Reproduce word for word the lines between those holding "Hockey jersey on Vegas Statue of Liberty" and "La James Irvine", inclusive, and nothing else from the data below.
[[ Records to process open ]]
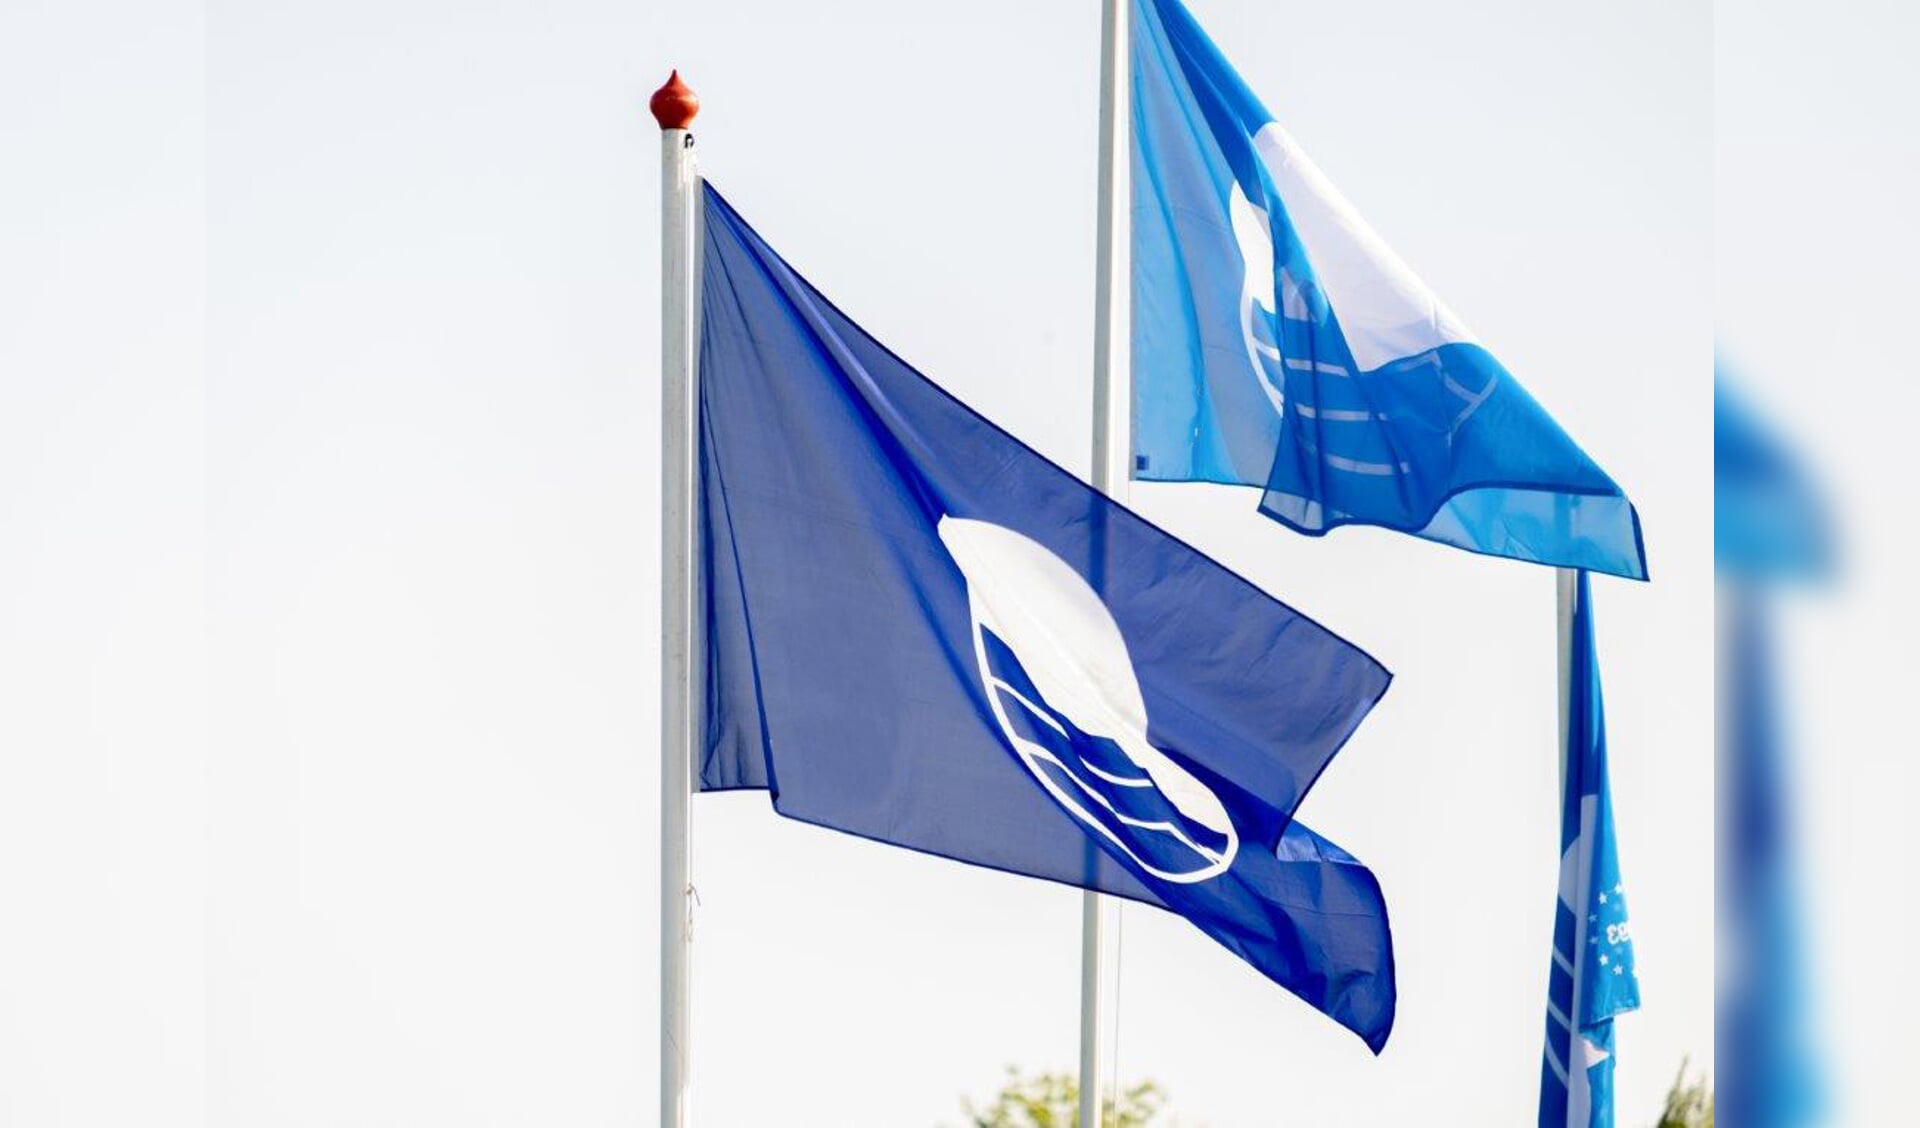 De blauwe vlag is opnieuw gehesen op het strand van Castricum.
[[ Records to process closed ]]
[[ Records to process open ]]
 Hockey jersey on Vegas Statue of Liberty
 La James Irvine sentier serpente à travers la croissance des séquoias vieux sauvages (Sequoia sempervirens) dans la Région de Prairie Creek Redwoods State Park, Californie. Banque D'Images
[[ Records to process closed ]]
◆ Answer space:
 Hockey jersey on Vegas Statue of Liberty
 La James Irvine sentier serpente à travers la croissance des séquoias vieux sauvages (Sequoia sempervirens) dans la Région de Prairie Creek Redwoods State Park, Californie. Banque D'Images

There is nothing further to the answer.